• docker
• docker-compose

./doit.sh start

1. (optional) Modify r10k config file located at custom/r10k/r10k.yaml

2. Run r10k to deploy environments

   docker-compose exec puppet /r10k

   Note: No output indicates success. Otherwise, errors will be listed and the relevant logfile noted.

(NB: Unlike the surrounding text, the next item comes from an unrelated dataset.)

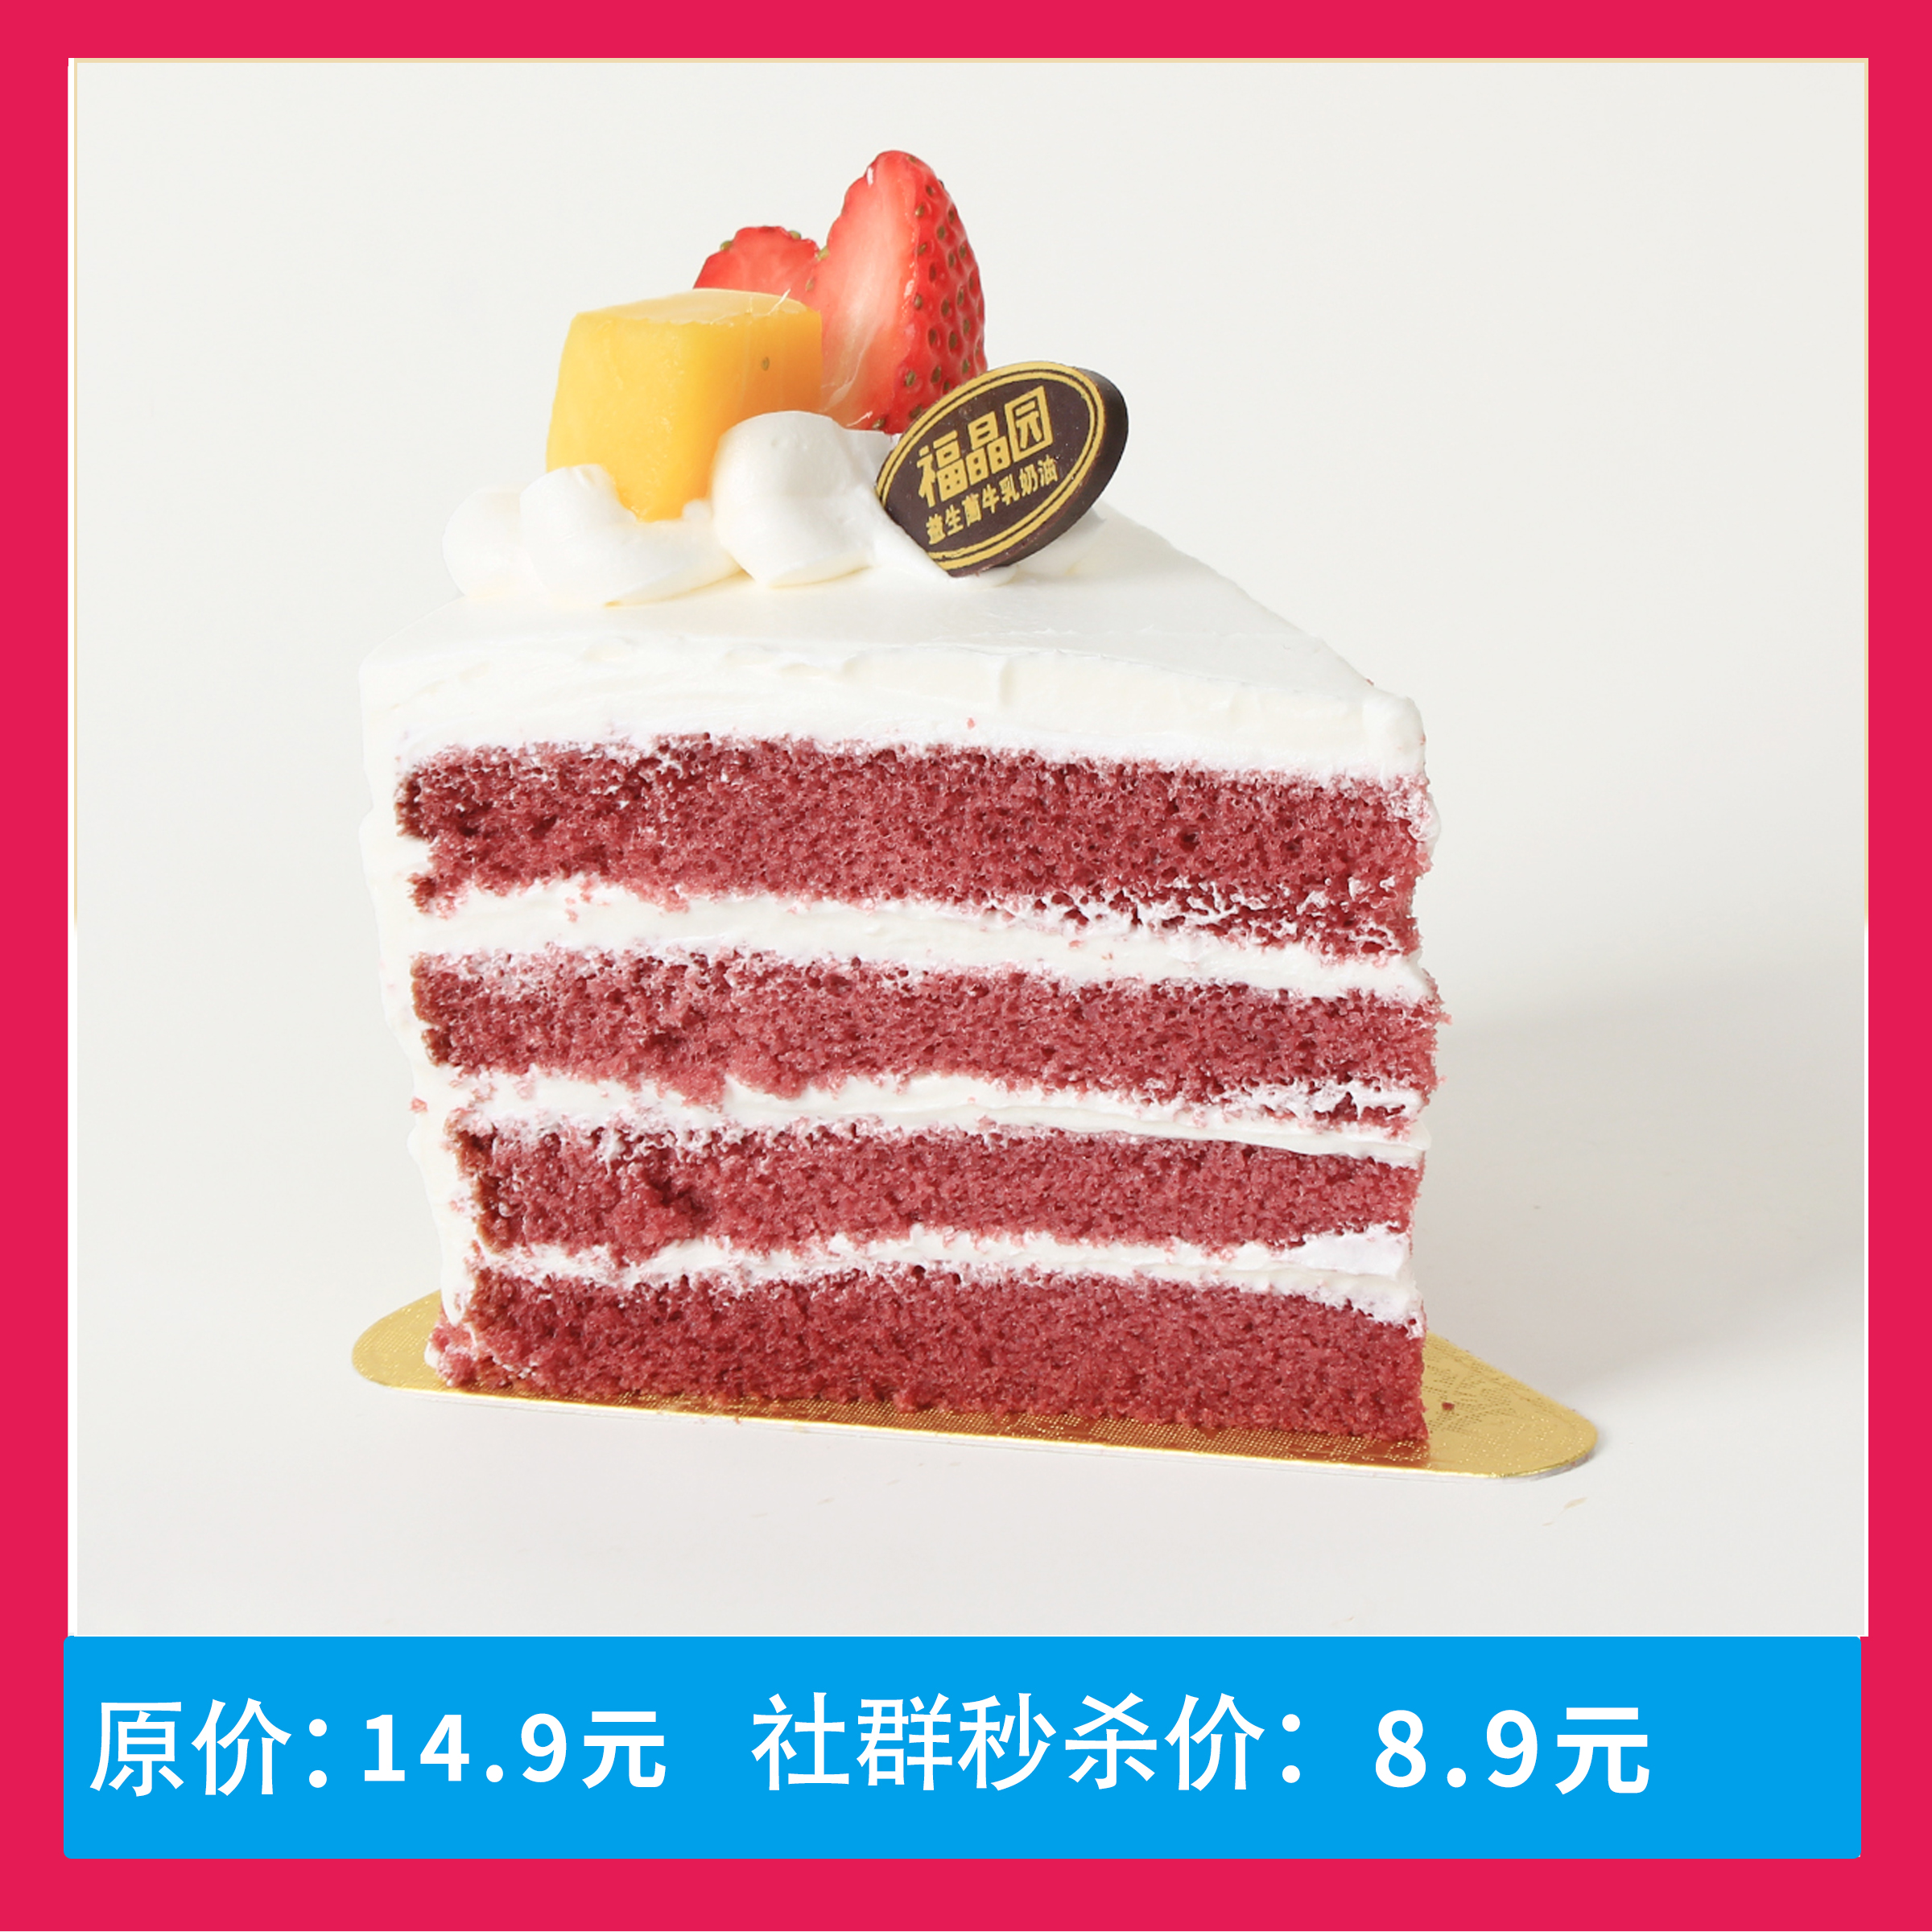 【社群专属8.9元秒】红丝绒蛋糕切块

docker-compose exec agent-centos puppet agent -t

After commiting changes on a "topic" branch of the repo:

1. Update enc for the node to use a topic branch

   docker-compose exec puppet server enc_adm --topic topic/aloftus/update_module_versions agent-centos-1.internal
   docker-compose exec puppet server enc_adm -l

2. Run puppet agent

   docker-compose exec agent-centos puppet agent -t

See: vagrant/README

• Reset the entire environment to start from scratch

  ./doit.sh reset

• Remove containers and images, leave local customizations in place

  ./doit.sh clean

• Start puppet server only

  ./doit.sh start puppet

• Stop all containers

  ./doit.sh stop

• Stop only a specific container

  ./doit.sh stop <container_name>

• Run puppet agent in dry run mode (don't make any changes, only list what would be done)

  docker-compose exec agent-centos puppet agent -t --noop

• Restart puppetserver (needed after, for instance, making config or cert changes)

  docker-compose exec puppet server pkill -HUP -u puppet java
  docker logs server #optional, to monitor server restart

• Exec a bash shell in the puppet master container

  docker-compose exec puppet bash

  OR

  docker-compose exec puppet server bash

• Add node agent-centos-3 to enc

  docker-compose exec puppet server enc_adm --add --fqdn agent-centos-3.internal

• Check enc contents

  docker-compose exec puppet server enc_adm -l

1. Get more ENC help

docker-compose exec puppet server enc_adm --help

R10K has a known issue RK-323 that causes issues with cached values or modules. This workaround deletes all caches and currently deployed modules. It is safe to use always, even if the issue isn't currently happening, however it causes the r10k run to take longer since all the repos and modules must be re-downloaded.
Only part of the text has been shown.